It is clear after the Brexit vote and Donald Trump’s victory in the Republican presidential primaries that voters are revolting against the relatively open economic policies that have been the norm in the US and Britain since the second world war.

在英國脫歐公投和唐納德•特朗普(Donald Trump)在共和黨初選階段勝出之後,顯而易見的是,選民們開始對二戰後在英美成爲常態的相對開放的經濟政策產生反感。

Populist opposition to international integration is on the rise in much of continental Europe and has always been the norm in Latin America. The question now is what should be the guiding principles of international economic policy? How should those of us — who believe that the vastly better performance of the global system after the second world war than after the first world war is largely due to more enlightened economic policies — make our case?

在歐洲大陸的大片地區,反對國際融合的民粹主義情緒正在升溫,而在拉美,這種情緒一直是常態。目前的問題是,國際經濟政策的指導原則應該是什麼?我們這些人——相信二戰後全球體系的表現遠遠好於一戰後時期,而其主要原因在於更爲開明的經濟政策——應當如何證明自己的觀點呢?

The mainstream approach starts with a combination of rational argument and inflated rhetoric about the economic consequences of international integration. Studies are produced about the jobs created by trade agreements, the benefits of immigration and the costs of restrictions. In most cases the overall economic merits are clear. But there is a kind of Gresham’s Law of advocacy whereby bolder claims drive out more prudent ones. Over time this has caught up with the advocates of integration.

主流方法的起點是理性論證結合有關國際融合的經濟後果的誇大論證。有關方面發表研究報告,說明貿易協定創造工作崗位,以及移民的好處和限制的代價。在大多數情況下,總體的經濟好處是顯而易見的。但是,倡導方面也存在某種格雷欣法則(Gresham's Law):更大膽的主張會驅逐更謹慎的主張。隨着時間的推移,融合的倡導者受到該法則的影響。

While there is a strong case that the US is better off than it would have been if the North American Free Trade Agreement had been rejected, the most extravagant predicted benefits have not materialised. And it is fair to say that claims that China’s accession to the World Trade Organisation would propel political liberalisation have not been borne out. The willingness of people to be intimidated by experts into supporting cosmopolitan outcomes appears for the moment to have been exhausted.

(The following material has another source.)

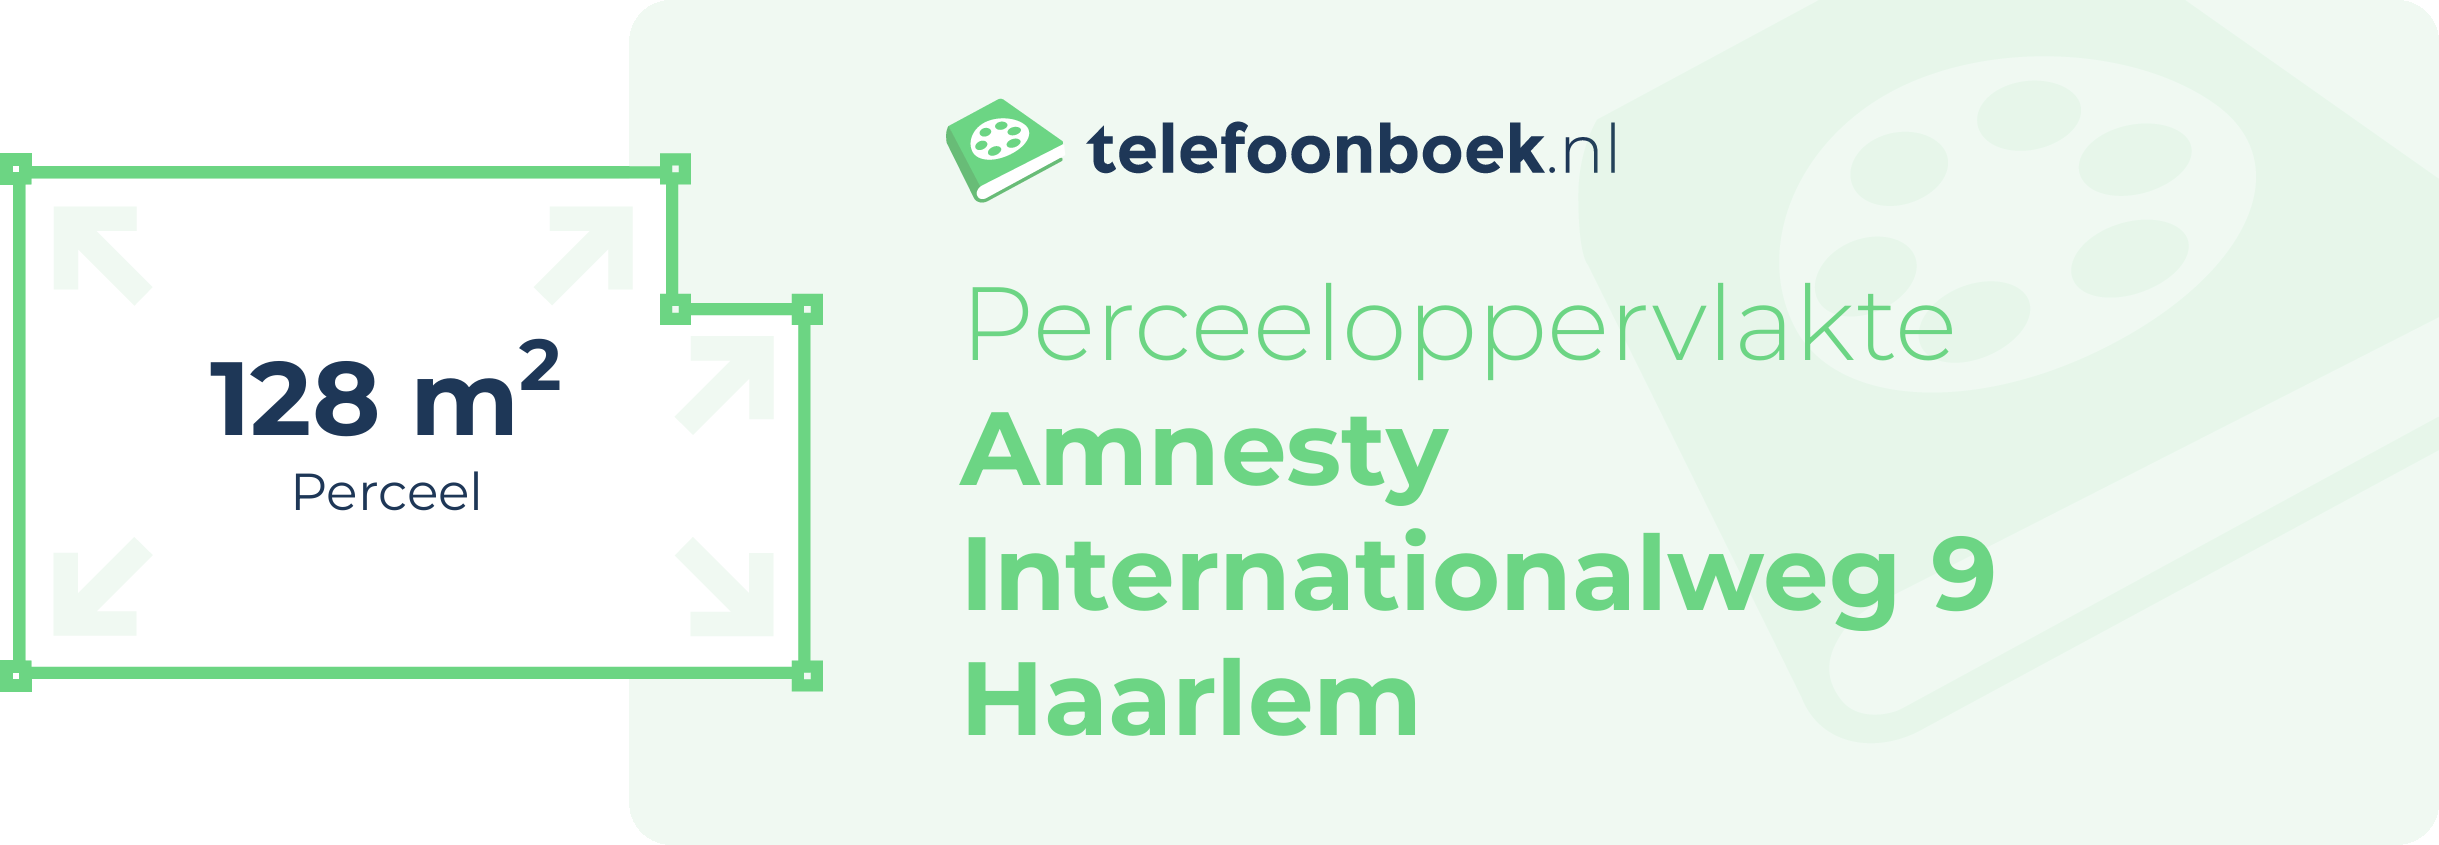 Perceeloppervlakte Amnesty Internationalweg 9 Haarlem

儘管有充分理由說明,相比《北美自由貿易協定》(NAFTA)如果被拒絕的情況,現在美國的日子更好過,但當初預測的最誇張好處並未兌現。同樣,可以公平地說,有關中國加入世貿組織(WTO)將推動政治自由化的說法並未成爲現實。眼下,人們似乎不再願意在專家們的威脅之下接受世界主義的結局。

The second plank of the mainstream approach is to push for stronger policies to resist inequality, cushion disruptions and support the poor and middle class, and then argue that if domestic policies are right, the pressure to resist globalisation will reduce. The logic is right and certainly measures like government assurance of mortgages and the interstate highway system were part of the political package that permitted the US to underwrite an open global system.

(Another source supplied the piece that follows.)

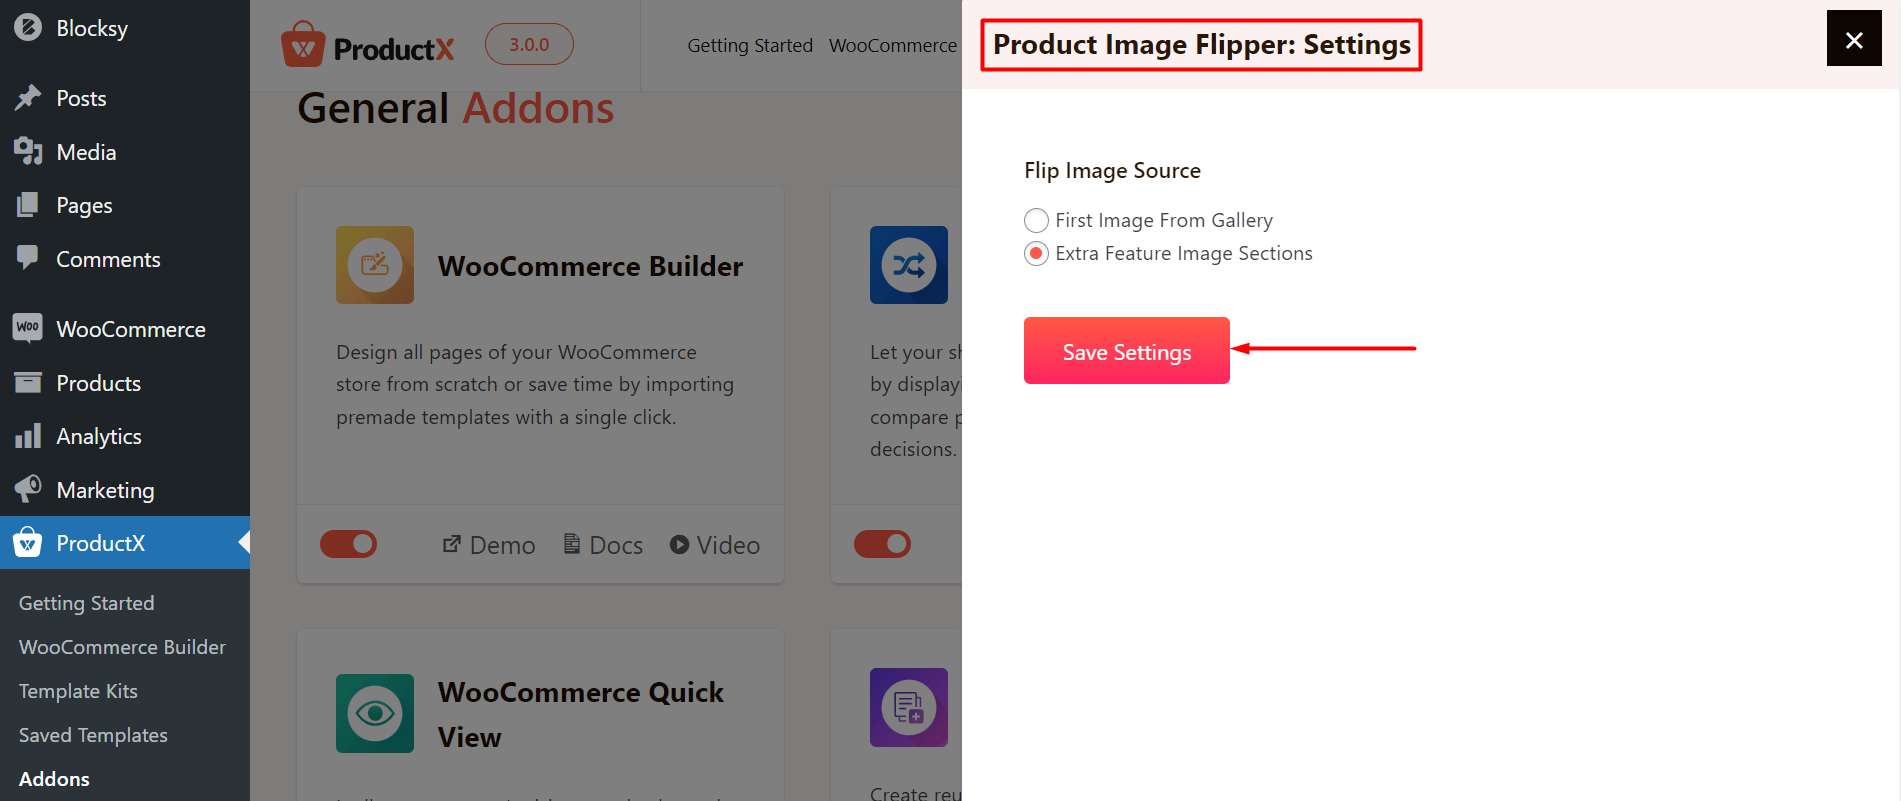 ProductX Image Flipper Settings

主流方法的第二根支柱,是推行更強力政策,以抵制不平等、爲動盪提供緩衝、支持窮人和中產階層,然後主張:只要國內政策正確,抵制全球化的壓力將會減輕。這種邏輯是正確的,當然,像政府爲房屋抵押貸款提供擔保和建設州際公路體系等措施,是允許美國支持開放全球體系的政治“套餐”的一部分。

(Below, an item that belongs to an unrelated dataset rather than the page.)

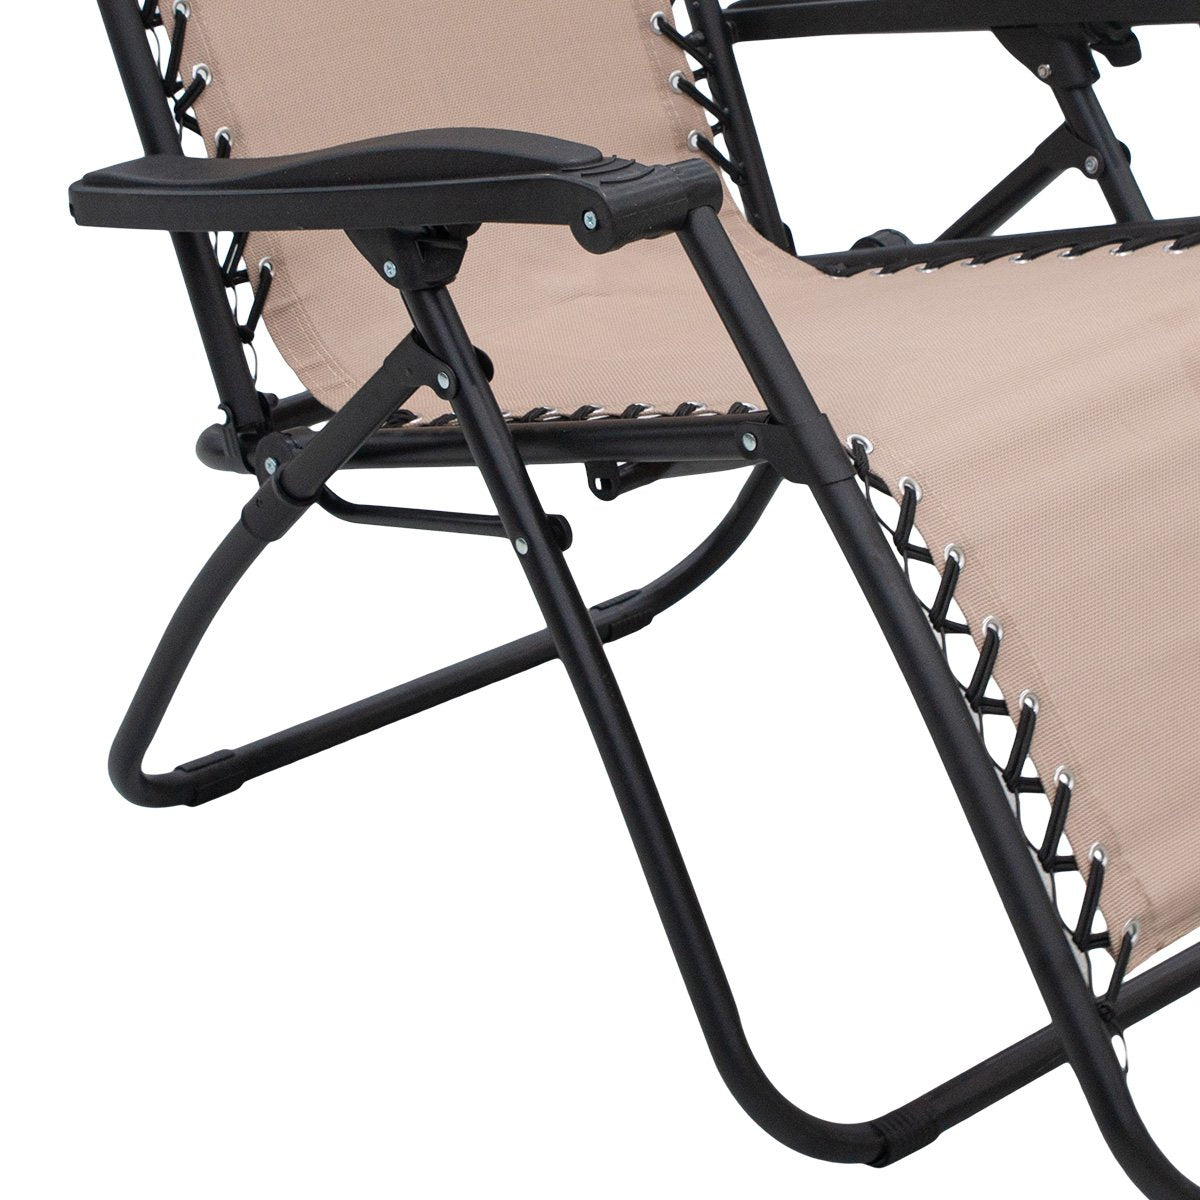 Wallaroo Zero Gravity Reclining Deck Lounge Sun Beach Chair Outdoor Folding Camping - Beige

But the last eight years have seen America at last adopt universal health insurance, expand a variety of support programmes for the poor and bring unemployment below 5 per cent with trade becoming ever less popular. It is not that strong domestic policies are unnecessary to undergird global integration. It is that they are insufficient.

但在過去8年裏,美國最終實施了全民醫療保險,擴展了大量針對窮人的支持項目,並把失業率下降至5%以內,而貿易卻變得更加不受歡迎。問題並不是強有力的國內政策對於支持全球融合是不必要的,而是這些政策的力度還不夠。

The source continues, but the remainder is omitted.